Re: (Score:3, Interesting)
Which is of course what is already being done, but whether that's the best approach remains to be seen. Communication is always the bottleneck in HPC systems, and many processors on chip with a fast interconnect seems to do very well, at least for Picochip (though it is a DSP chip, I think it's a valid comparison
Re: (Score:3, Insightful)
A typical consumer desktop machine, running typical programs for instance. In order to use these cores effectively, all these programs need to rewritten. Imagine your word processor reformatting a 500 page document on 1000 cores. It's just not going to work very well.
How about the operating system ? 1000 different cores all trying to access a file system on a single physical drive. How are you going to run that efficiently ?
Re: (Score:3, Interesting)
We way we do it now is a single filesystem layer which is, at all times, in a single coherent state. With today's shared memory systems, and cache coherency guaranteed by the hardware, that's reasonable easy to accomplish.
The current filesystem concept just doesn't map onto 1000 non-coherent cores.

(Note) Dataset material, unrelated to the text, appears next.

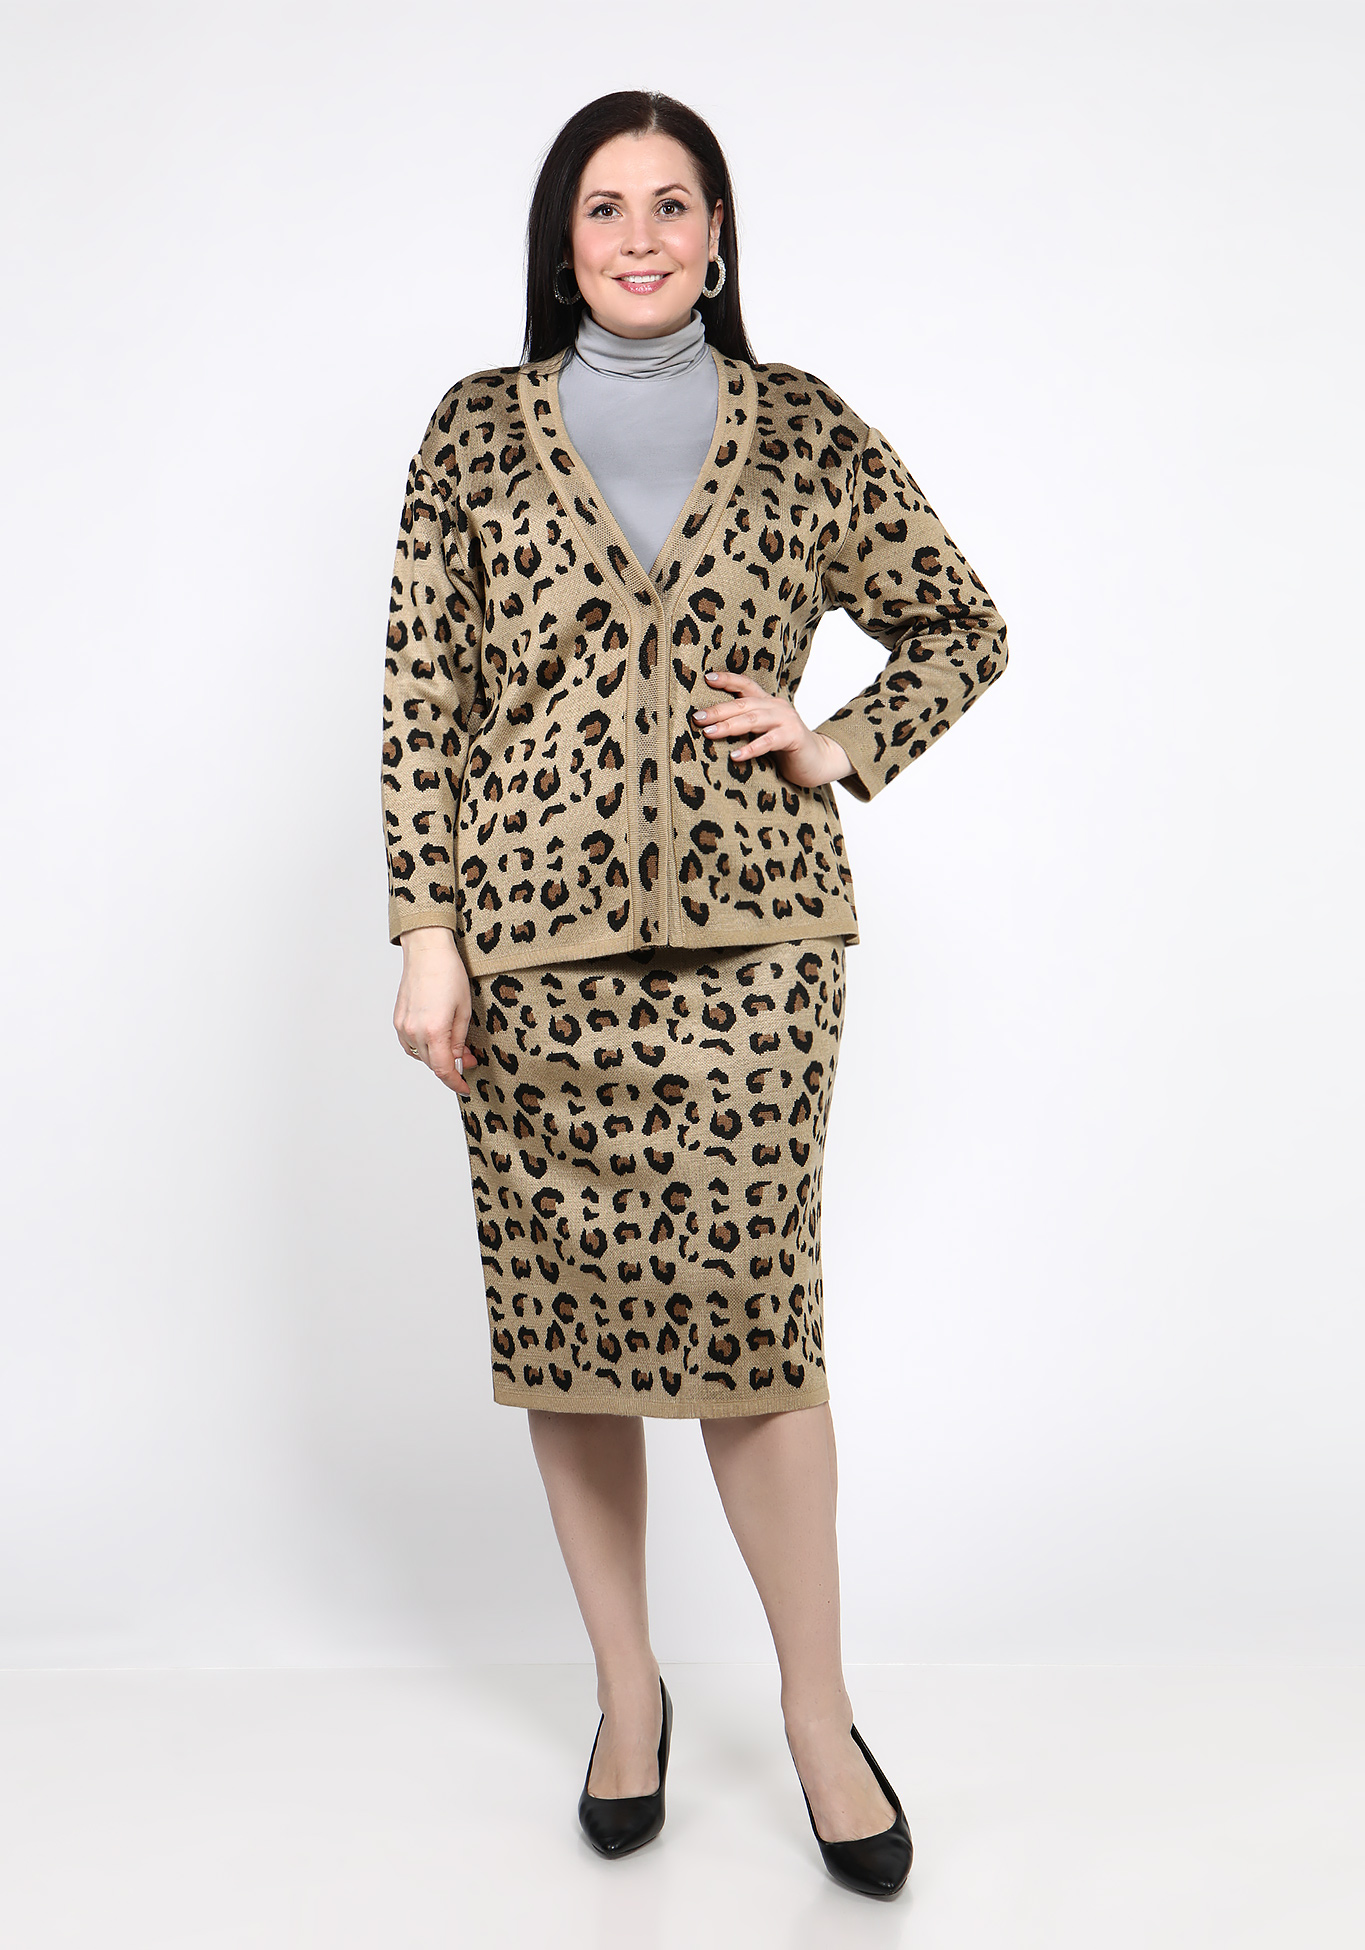 Жакет с леопардовым принтом Vivawool, размер 48, цвет молочный - фото 2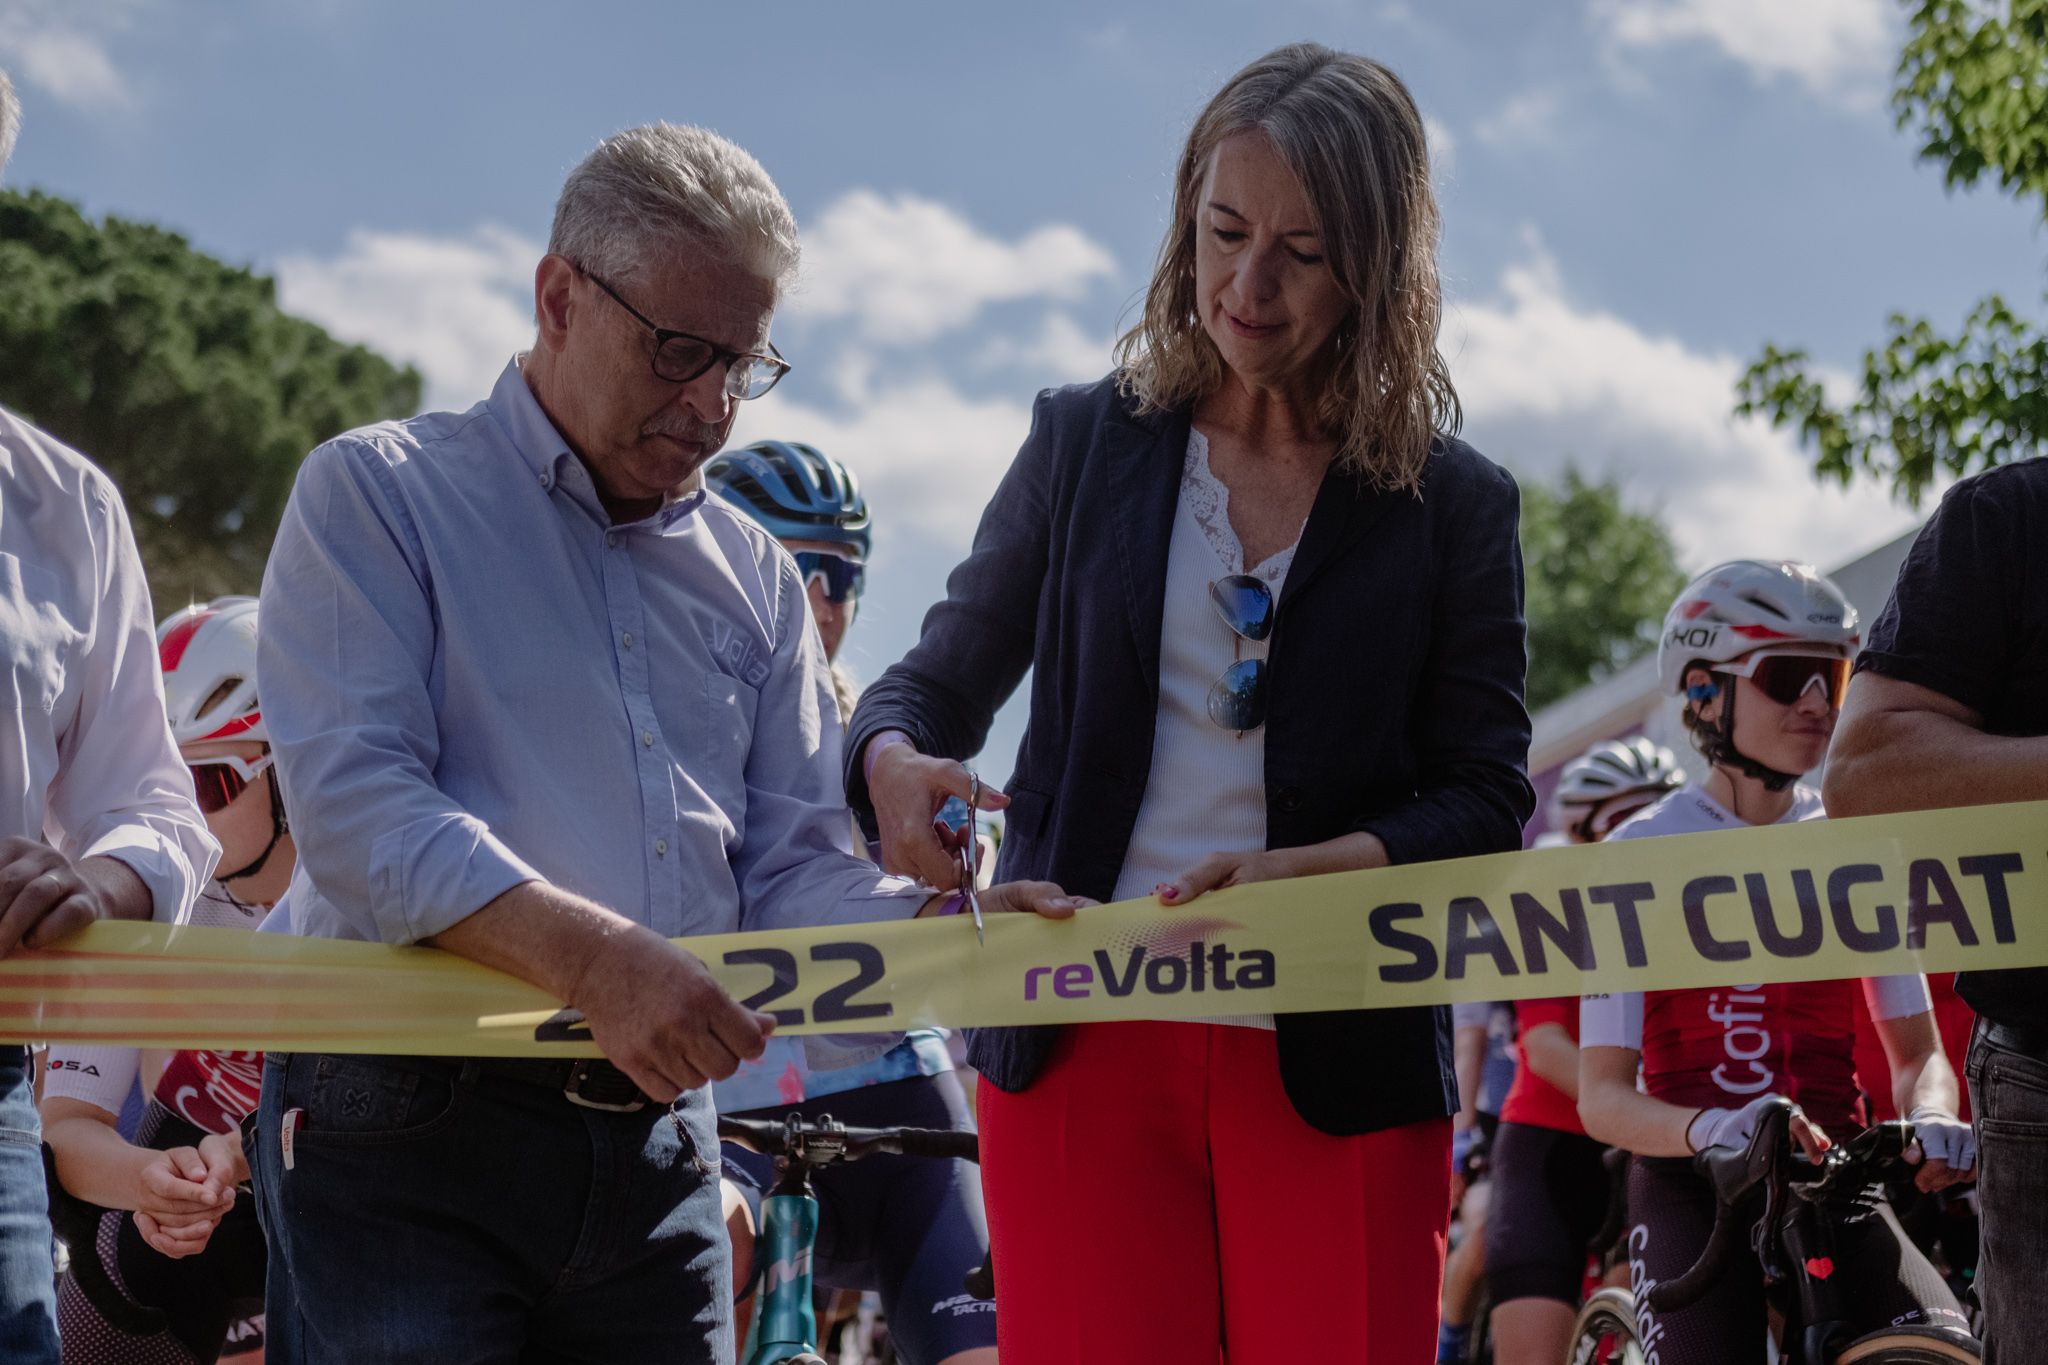 L'alcaldesa trenca la cinta de la sortida de la reVolta de Sant Cugat 2022. FOTO: Ale Gómez

Re: (Score:3, Interesting)
The '93 era Pentium they're talking about only has 3 million transistors, and only a fraction are needed to handle the x86 instruction set. Current transistor count goes into the billions, so as far as real estate goes, you can put 1000 Pentium class cores on a single die, despite the x86 translations.
Of course, the whole concept of a 1000 cores running on a single die is only going to serve a small niche of applications.
Re: (Score:3, Informative)
Well that would be true, but the really complex x86 instructions are rarely [strchr.com] used, so you're not really adding much in the way of code density, and you have to add a lot of hardware complexity to decode it. Not only that, more complex instructions mean bigger pipelines which mean bigger branch penalties.
Re: (Score:2)
Just take a look at tilera. It's not open though.
Cores are not executing x86 instructions (Score:2)
How about developing a small efficient core, where the performance is interesting? Actually, don't even bother; just reuse the DEC Alpha instruction set that is collecting dust at Intel. There is no point in tying these massively parallel architectures to some ancient ISA.
Technically the cores are not executing x86 instructions. For several architectural generations of Intel chips the x86 instructions have been translated into a small efficient instruction set executed by the cores. Intel refers to these core instructions as micro-operations. An x86 instruction is translated on the fly into some number of micro-ops and these micro-op are reordered and scheduled for execution. So they have kind of done what you ask, the problem is that they don't give us direct access to the
1000 cores is nothing (Score:5, Interesting)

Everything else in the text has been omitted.